Curbing a hard-to-treat leukemia

Cure rates for most childhood leukemias are now about 80 percent, but they are much lower for children with a subtype of acute lymphoblastic leukemia (ALL), in which a gene called MLL is mutated. Now, a study led by Children’s Hospital Boston’s Scott Armstrong, MD, PhD, Andrei Krivtsov, PhD, and Zhaohui Feng, of Hematology/Oncology, suggests a relatively easy way to prevent cancer-causing genes from turning on in this form of ALL, which accounts for 70 percent of ALLs in infants.

Hirschhorn

DNA packaging provides a target for leukemia Giving chromosomes their structure and shape, strands of DNA, shown in gray, are coiled around histones, depicted as spheres. In MLL-rearranged acute lymphoblastic leukemia (ALL), a form of acute lymphoblastic leukemia affecting infants, an enzyme call DOT1L modifies the histones in an abnormal way (as indicated in orange) that activates cancer-promoting genes. Drugs inhibiting DOT1L could prevent a variety of cancerous changes in cells.

In the November 4 Cancer Cell, they show that the abnormal protein that characterizes the disease, called MLL-AF4, goes to a white blood cell’s DNA and alters one of the histones, the "scaffolding"proteins that DNA strands wrap around. The change alters the structure of the chromosome, triggering a diverse group of genes that normally aren’t turned on, including some that are critical in initiating leukemia.
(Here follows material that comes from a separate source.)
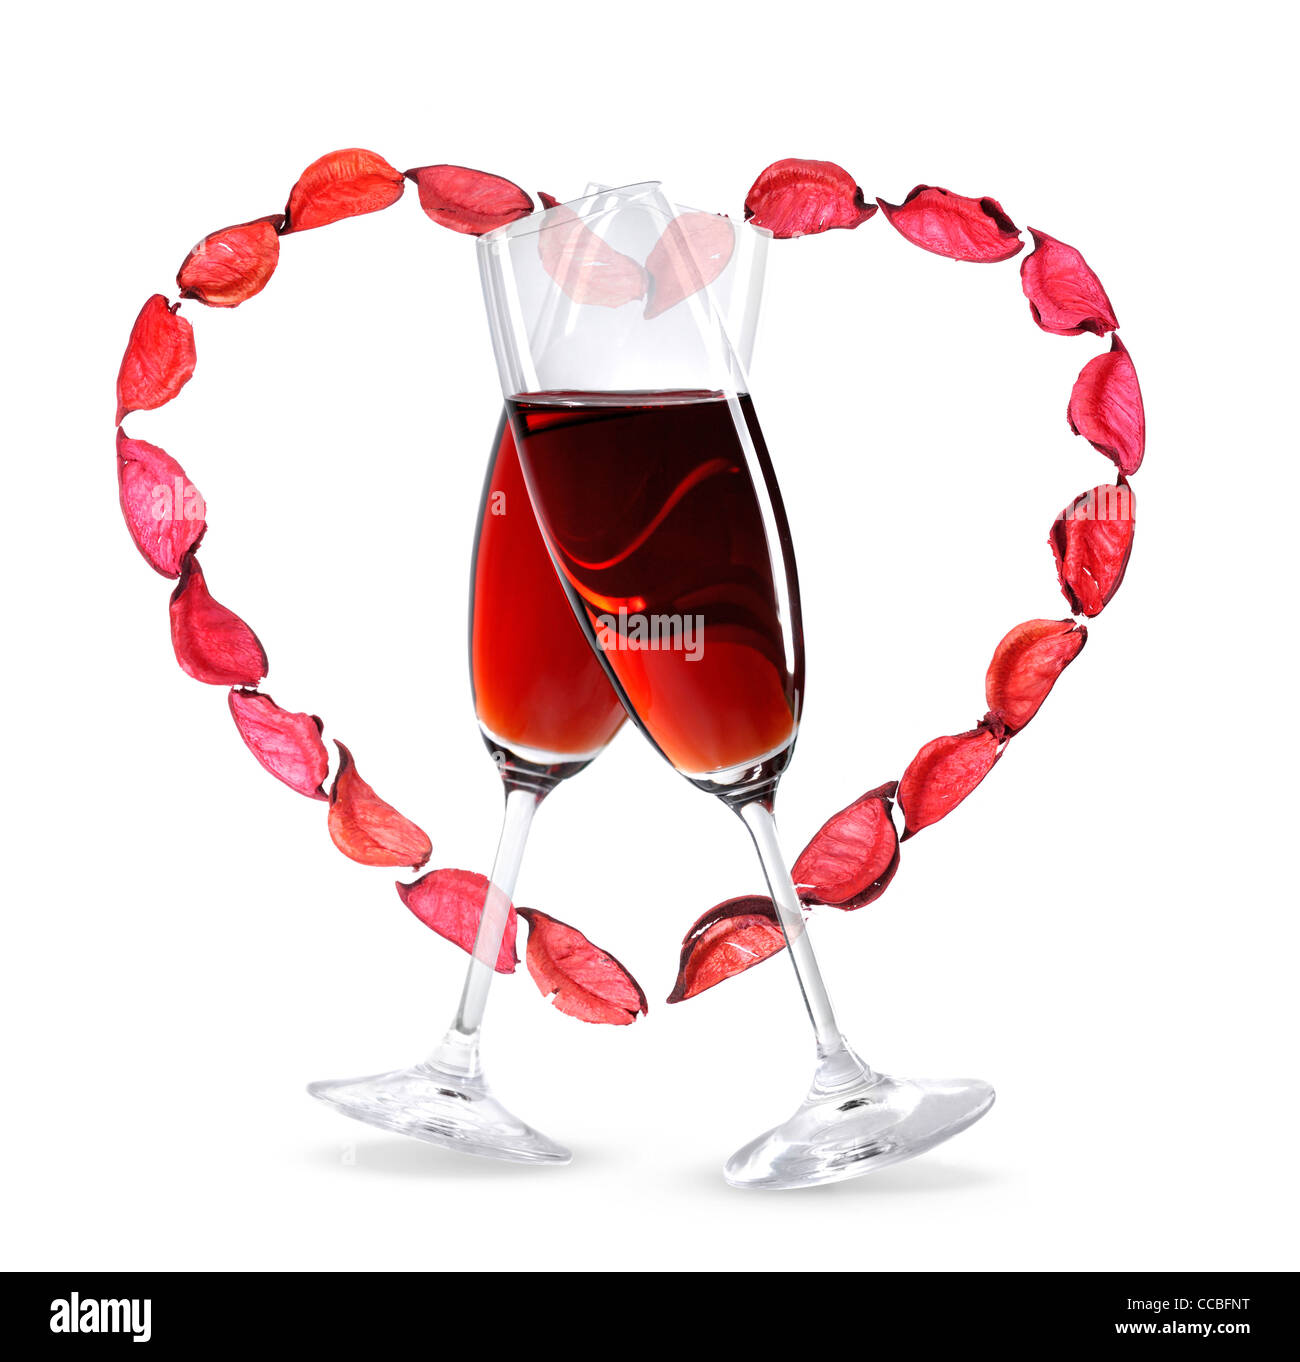 Deux wineglasses avec du vin rouge et un cœur à base de pétales de rose. Banque D'Images

While MLL-AF4 itself would be difficult to target chemically, it turns out that it acts via an enzyme called DOT1L, a much easier target. It therefore might be possible to silence a variety of genes that contribute to malignancy in a single chemical maneuver. Dr. Armstrong’s lab is now searching for small-molecule drugs that inhibit DOT1L. "Reversal of histone modifications could be an important therapeutic approachfor MLL-AF4 and potentially for other cancers,"he says.